[Try it]
In the records below, begin at the line containing "South Seas Idyll" and end at the line containing "Lindokuhle Sobekwa's photograph"; quote every line in that span exactly, including both boundary lines, and no others.
──────── Data ────────
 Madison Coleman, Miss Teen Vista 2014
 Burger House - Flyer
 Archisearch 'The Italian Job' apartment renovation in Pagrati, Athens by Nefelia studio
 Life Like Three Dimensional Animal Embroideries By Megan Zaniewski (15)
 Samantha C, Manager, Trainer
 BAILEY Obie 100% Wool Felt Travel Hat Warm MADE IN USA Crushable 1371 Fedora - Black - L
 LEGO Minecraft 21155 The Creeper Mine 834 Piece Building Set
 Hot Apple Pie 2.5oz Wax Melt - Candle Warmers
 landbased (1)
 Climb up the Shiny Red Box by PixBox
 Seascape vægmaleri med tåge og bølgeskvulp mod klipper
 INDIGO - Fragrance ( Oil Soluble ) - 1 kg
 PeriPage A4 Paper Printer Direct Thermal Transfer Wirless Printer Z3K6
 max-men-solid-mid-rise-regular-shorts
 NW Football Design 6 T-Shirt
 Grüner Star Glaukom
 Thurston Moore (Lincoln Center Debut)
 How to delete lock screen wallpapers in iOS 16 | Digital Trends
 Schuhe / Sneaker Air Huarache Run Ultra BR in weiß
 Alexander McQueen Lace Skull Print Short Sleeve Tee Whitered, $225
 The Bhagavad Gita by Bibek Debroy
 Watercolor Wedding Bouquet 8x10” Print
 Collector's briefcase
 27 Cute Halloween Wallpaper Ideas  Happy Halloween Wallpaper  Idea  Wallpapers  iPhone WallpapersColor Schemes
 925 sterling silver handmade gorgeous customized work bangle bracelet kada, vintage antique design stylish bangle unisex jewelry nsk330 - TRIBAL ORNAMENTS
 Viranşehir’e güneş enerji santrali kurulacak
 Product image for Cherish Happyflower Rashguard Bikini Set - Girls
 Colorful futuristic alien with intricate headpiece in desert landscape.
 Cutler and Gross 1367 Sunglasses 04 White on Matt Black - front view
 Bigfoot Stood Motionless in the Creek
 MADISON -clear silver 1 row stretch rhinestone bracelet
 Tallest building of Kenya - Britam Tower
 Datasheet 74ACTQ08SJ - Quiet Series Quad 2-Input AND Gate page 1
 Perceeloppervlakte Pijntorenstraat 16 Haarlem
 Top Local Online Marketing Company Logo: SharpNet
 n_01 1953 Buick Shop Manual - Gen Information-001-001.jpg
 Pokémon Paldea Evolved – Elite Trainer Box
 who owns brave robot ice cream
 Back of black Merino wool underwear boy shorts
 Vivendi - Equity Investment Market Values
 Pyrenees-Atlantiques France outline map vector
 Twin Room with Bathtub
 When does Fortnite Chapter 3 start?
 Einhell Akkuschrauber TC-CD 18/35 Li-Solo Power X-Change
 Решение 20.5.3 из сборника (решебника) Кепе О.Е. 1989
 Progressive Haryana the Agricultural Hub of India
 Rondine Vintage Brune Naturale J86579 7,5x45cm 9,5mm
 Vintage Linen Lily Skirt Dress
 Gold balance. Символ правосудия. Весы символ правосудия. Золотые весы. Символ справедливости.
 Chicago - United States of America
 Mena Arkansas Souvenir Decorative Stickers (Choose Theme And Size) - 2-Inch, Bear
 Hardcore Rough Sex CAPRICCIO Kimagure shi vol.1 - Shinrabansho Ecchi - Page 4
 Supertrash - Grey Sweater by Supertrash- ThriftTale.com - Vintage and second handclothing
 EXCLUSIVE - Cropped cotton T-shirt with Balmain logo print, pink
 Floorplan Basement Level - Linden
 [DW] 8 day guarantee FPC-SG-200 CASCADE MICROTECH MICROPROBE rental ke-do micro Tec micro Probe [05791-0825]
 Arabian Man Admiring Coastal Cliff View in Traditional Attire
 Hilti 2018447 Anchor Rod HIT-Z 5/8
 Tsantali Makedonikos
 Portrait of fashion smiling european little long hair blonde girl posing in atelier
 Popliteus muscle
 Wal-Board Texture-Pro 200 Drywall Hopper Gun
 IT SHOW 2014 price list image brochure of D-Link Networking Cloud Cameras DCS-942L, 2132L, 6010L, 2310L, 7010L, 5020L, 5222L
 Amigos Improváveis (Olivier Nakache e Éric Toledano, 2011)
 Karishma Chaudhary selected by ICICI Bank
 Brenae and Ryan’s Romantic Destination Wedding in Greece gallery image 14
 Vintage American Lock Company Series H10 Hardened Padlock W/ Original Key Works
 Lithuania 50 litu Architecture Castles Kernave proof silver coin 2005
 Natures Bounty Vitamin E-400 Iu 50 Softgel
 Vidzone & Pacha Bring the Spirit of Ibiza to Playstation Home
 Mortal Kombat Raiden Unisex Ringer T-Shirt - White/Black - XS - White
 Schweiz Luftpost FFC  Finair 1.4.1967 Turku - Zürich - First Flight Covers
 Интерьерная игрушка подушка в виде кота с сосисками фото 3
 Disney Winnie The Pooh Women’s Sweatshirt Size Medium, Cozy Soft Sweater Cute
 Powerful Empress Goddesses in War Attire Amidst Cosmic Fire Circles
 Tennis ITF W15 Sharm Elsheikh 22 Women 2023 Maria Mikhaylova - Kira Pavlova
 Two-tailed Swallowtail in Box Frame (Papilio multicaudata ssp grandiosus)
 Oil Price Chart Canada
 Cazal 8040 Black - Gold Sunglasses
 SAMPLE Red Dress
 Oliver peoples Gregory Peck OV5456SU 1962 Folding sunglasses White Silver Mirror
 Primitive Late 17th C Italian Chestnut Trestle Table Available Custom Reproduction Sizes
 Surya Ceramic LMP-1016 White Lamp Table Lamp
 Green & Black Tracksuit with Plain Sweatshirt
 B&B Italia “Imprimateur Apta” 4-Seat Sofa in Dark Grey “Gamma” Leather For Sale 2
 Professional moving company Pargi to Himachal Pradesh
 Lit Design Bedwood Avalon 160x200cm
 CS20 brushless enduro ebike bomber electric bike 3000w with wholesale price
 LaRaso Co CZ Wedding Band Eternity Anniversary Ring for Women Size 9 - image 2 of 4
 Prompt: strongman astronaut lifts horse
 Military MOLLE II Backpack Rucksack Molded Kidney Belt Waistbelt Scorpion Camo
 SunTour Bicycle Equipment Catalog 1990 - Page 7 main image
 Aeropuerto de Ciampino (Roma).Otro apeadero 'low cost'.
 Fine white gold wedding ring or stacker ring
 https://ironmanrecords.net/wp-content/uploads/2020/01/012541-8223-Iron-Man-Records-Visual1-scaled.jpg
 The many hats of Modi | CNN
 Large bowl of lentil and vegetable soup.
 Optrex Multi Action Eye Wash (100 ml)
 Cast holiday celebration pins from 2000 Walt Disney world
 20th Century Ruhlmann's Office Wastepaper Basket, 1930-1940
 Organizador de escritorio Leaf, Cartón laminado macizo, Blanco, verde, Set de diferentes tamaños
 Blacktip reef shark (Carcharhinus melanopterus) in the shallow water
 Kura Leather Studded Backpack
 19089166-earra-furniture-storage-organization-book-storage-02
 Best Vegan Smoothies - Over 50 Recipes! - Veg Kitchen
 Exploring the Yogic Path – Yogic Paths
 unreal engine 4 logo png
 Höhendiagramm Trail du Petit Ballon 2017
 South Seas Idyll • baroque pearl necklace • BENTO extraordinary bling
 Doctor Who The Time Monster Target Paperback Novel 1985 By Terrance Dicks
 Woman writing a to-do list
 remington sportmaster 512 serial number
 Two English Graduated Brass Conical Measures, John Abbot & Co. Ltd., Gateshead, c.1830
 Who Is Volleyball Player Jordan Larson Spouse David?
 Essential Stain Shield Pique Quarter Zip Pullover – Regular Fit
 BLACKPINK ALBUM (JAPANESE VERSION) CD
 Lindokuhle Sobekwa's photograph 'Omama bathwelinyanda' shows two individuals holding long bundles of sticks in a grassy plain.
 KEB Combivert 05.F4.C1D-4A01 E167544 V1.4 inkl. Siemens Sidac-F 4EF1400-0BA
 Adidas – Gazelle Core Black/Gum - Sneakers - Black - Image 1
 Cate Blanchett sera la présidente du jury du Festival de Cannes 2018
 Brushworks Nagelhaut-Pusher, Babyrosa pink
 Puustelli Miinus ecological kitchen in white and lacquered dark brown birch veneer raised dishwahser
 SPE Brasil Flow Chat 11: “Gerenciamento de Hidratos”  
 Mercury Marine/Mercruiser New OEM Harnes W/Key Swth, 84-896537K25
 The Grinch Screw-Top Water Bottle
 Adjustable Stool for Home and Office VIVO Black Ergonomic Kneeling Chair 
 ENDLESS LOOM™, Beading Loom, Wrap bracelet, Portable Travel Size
────────
[Solved problem]
 South Seas Idyll • baroque pearl necklace • BENTO extraordinary bling
 Doctor Who The Time Monster Target Paperback Novel 1985 By Terrance Dicks
 Woman writing a to-do list
 remington sportmaster 512 serial number
 Two English Graduated Brass Conical Measures, John Abbot & Co. Ltd., Gateshead, c.1830
 Who Is Volleyball Player Jordan Larson Spouse David?
 Essential Stain Shield Pique Quarter Zip Pullover – Regular Fit
 BLACKPINK ALBUM (JAPANESE VERSION) CD
 Lindokuhle Sobekwa's photograph 'Omama bathwelinyanda' shows two individuals holding long bundles of sticks in a grassy plain.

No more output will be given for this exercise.